What to expect — and your procedural options
Against a steady-pressure firm with a ~92% contested-motion win rate, the firm's volume is its defining feature. The patterns below describe what tends to appear on the docket and the procedural tools and rules that correspond to each pattern.
- The clock. Continuances are this firm's single most-filed motion (58 — ~1.05 per case). A Motion to Advance is the procedural tool a party may use to ask the court to hear a matter sooner; continuances can be opposed on the record. When delay is contested rather than unopposed, each continuance is something the moving party has to justify out loud.
- Discovery. With ~0.84 discovery motions per case, discovery activity is a recurring feature. Responding to discovery completely and on time is what removes a non-compliance basis for sanctions; a documented response history establishes which party complied. Where discovery demands exceed what the rules require, a protective-order motion is the corresponding tool.
- Motion volume and the record. Their ~92% contested-motion win rate means they rarely lose what they put to decision. Motions decided on documents tend to fare differently from motions argued on characterization; the record is what a contested motion is decided on.
- Contempt. With ~0.39 contempt motions per case (and post-judgment contempt among their top eight filings), enforcement is a recurring move. Contemporaneous proof of compliance with each order — payments, exchanges, communications — is the record a contempt motion is tested against; a contempt motion that does not hold up on the documents affects the moving party's credibility with a judge they appear before frequently.
- Counsel fees. They request counsel fees in roughly 0.56 of cases. Connecticut fee awards turn on need and litigation conduct (C.G.S. §46b-62). Litigation conduct — including continuance and motion volume — is part of what a court weighs when fee-shifting is at issue.

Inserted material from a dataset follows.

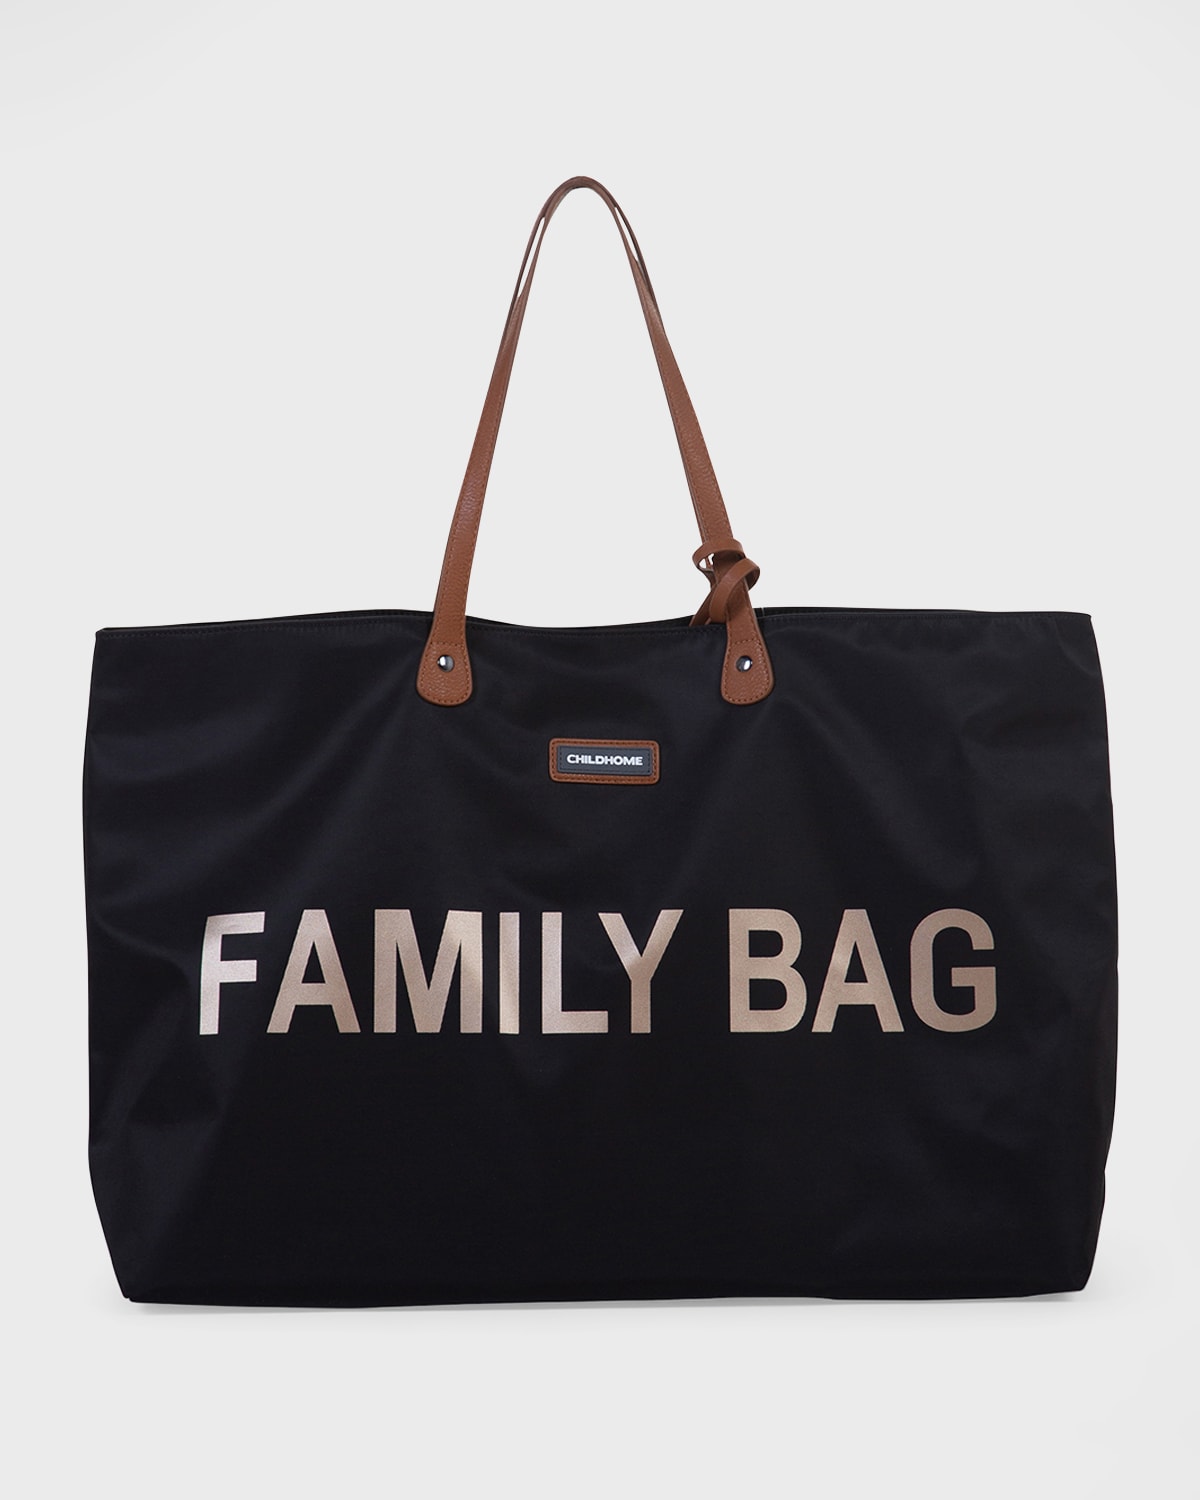 Childhome Family Bag In Black

- The GAL lever. A GAL actually seats in only ~8.8% of their cases, but appointment is raised as a custody lever more often. The appointment order is where scope, budget, and reporting deadline can be set, and where a proposed guardian's independence can be confirmed.
Methodology & limits
Computed from public CT Judicial Branch docket entries and party rosters (parties → filing-side attribution → motion/outcome tally). "Win rate" = Granted ÷ (Granted + Denied) on the firm's own filed motions where the docket records an outcome; many entries record no outcome and are excluded. Marker counts use keyword matching on docket event descriptions and may include related sub-types. Firm-name aggregation follows the docket's recorded firm name (the source truncates long names). Patterns reflect aggregate history, not the conduct of any one attorney or the merits of any one case.